Gli aumenti più consistenti coinvolgono prodotti di base, necessari alla vita di tutti i giorni. E questo comporta una ulteriore erosione del potere d’acquisto di milioni di famiglie. Qualche esempio: la carne è aumentata su base annua del +4%, gli ortaggi del 4,8%, la frutta del 5,8% e addirittura del 17% la pasta. Per il pane, l’aumento è del 12,3% sempre e per il latte, dove fare il prezzo sono due grandi multinazionali italiane, del 10,5%. Per quanto riguarda il capitolo energia complessivamente segna un +9,8% tendenziale. In particolare, il gasolio segna un +4,8% in un solo mese, mentre rispetto al marzo 2007 l’aumento è del 20,2%. La benzina è aumentata in 12 mesi del 13,2% e il Gpl del 21%.
Appena un anno fa la dinamica dei prezzi al consumo registrava un incremento dell’1,7%, circa la metà del valore registrato a marzo di quest’anno.
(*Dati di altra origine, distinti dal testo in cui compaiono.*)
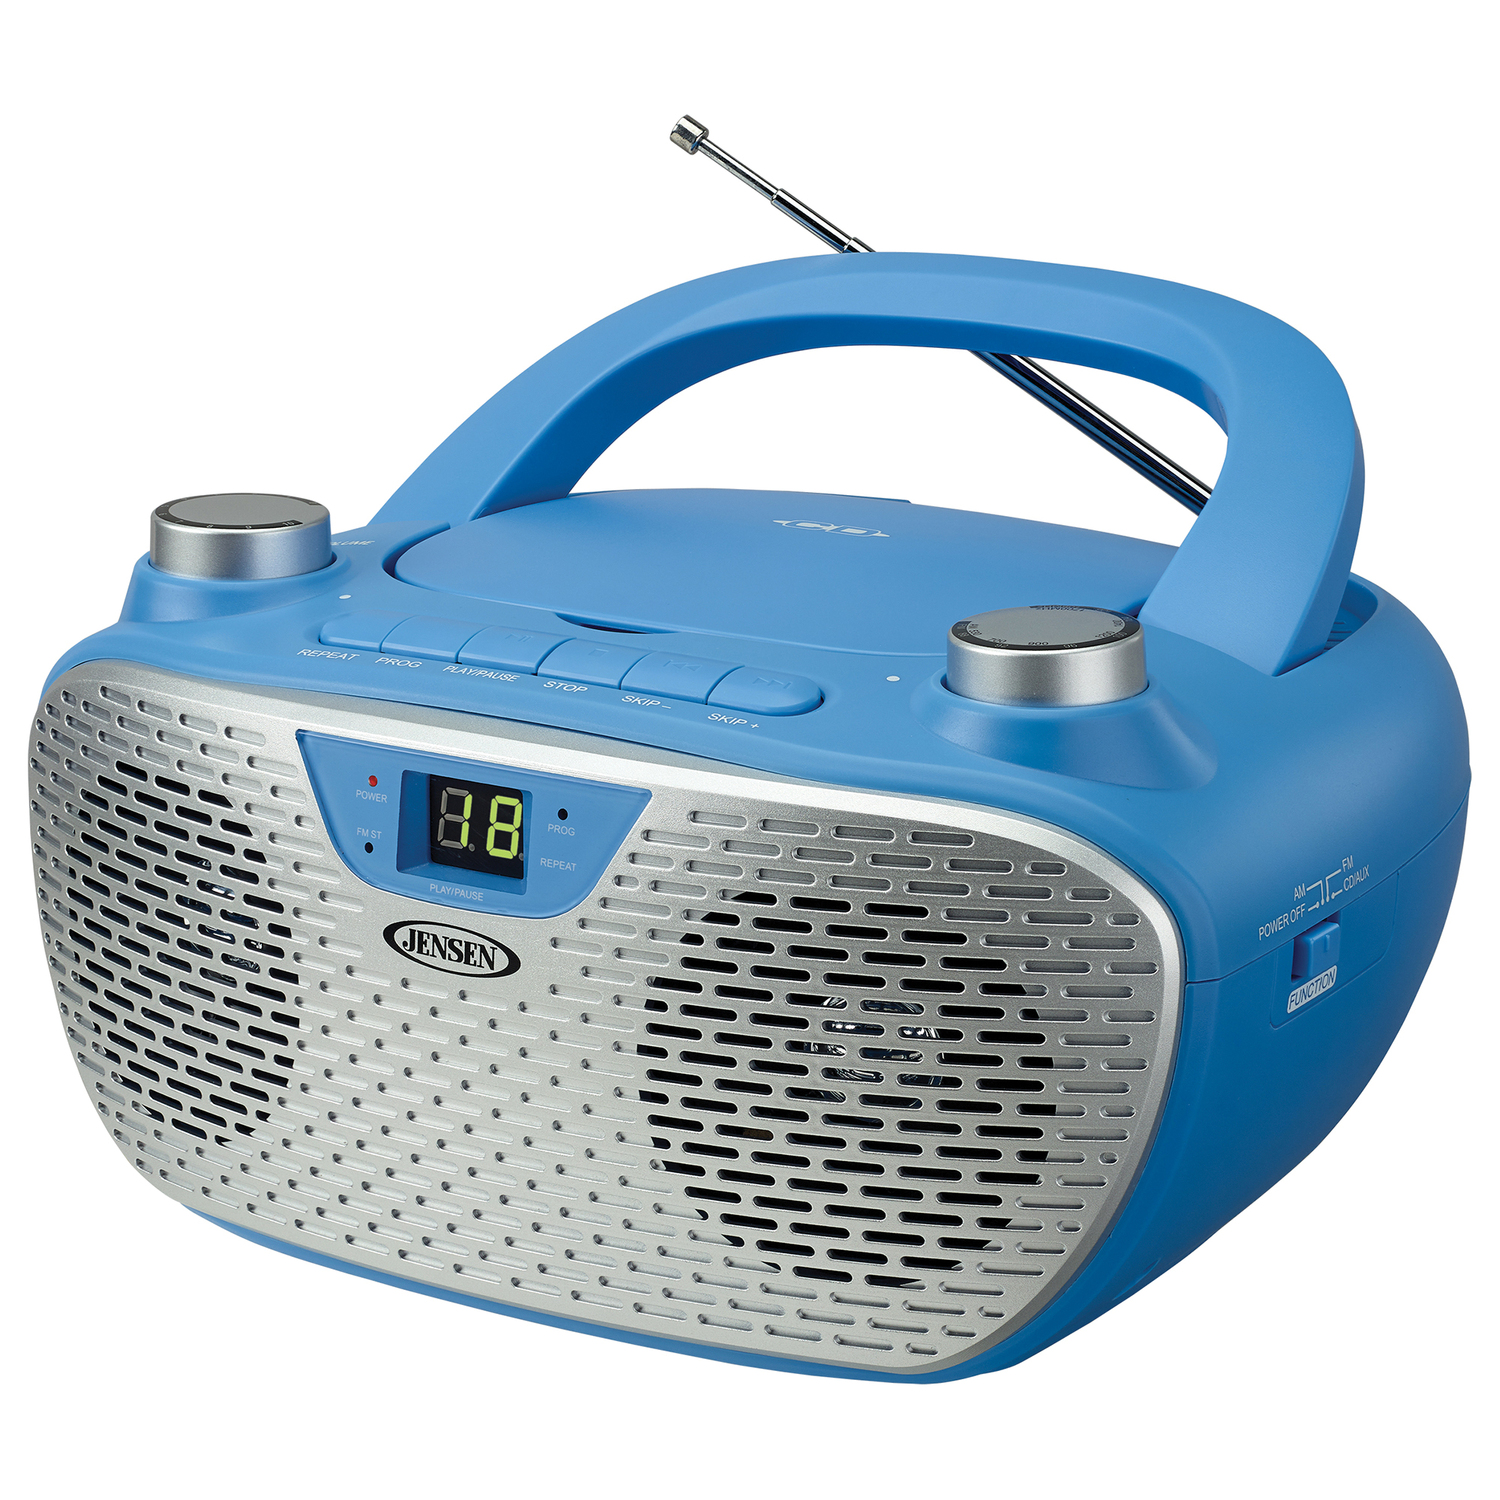 Jensen Bluetooth MP3 Boombox, Blue, CD-485-BL - image 1 of 3

L’accelerazione è stata particolarmente forte nell’ultimo semestre: da ottobre, infatti, la variazione dei prezzi al consumo è superiore su base annua al 4,2%, mentre nell’ultimo trimestre, secondo l’Isae, il trend destagionalizzato è al 4,4%. E, purtroppo, non è finita. Da oggi, infatti, entrano in vigore gli aumenti delle tariffe del gas e elettricità i cui effetti (statistici) saranno registrati in aprile, ma è già stato calcolato che comporteranno una maggiore spesa di una cinquantina di euro su base annua a famiglia. E, a proposito di inflazione e riduzione del potere d’acquisto, Altroconsumo, una delle maggiori associazioni dei consumatori, ha calcolato che sulla base del tasso di inflazione calcolato dall’Istat, una famiglia media in appena 12 mesi, per poter conservare lo stesso livello di consumi del marzo 2007 deve spendere 975 euro in più.
Le reazioni delle forze politiche e sociali ai dati Istat sono caratterizzate da una forte preoccupazione. Per la Confesercenti aumentano i rischi per la crescita; per la Cgil (Maulucci) sono i lavoratori a subire il danno più grave; per la Cisl (Baratta) siamo a una emergenza nazionale. Berlusconi, invece, attacca Prodi: tutta colpa della sua politica. Di parere opposto il Centro studi Confindustria che (in un commentato dal titolo: «l’inflazione non c’è») sottolinea che l’aumento dei prezzi non sono solo un fenomeno italiano e che la causa è in soli due settori: l’alimentare e l’energetico. Insomma, Prodi non c’entra.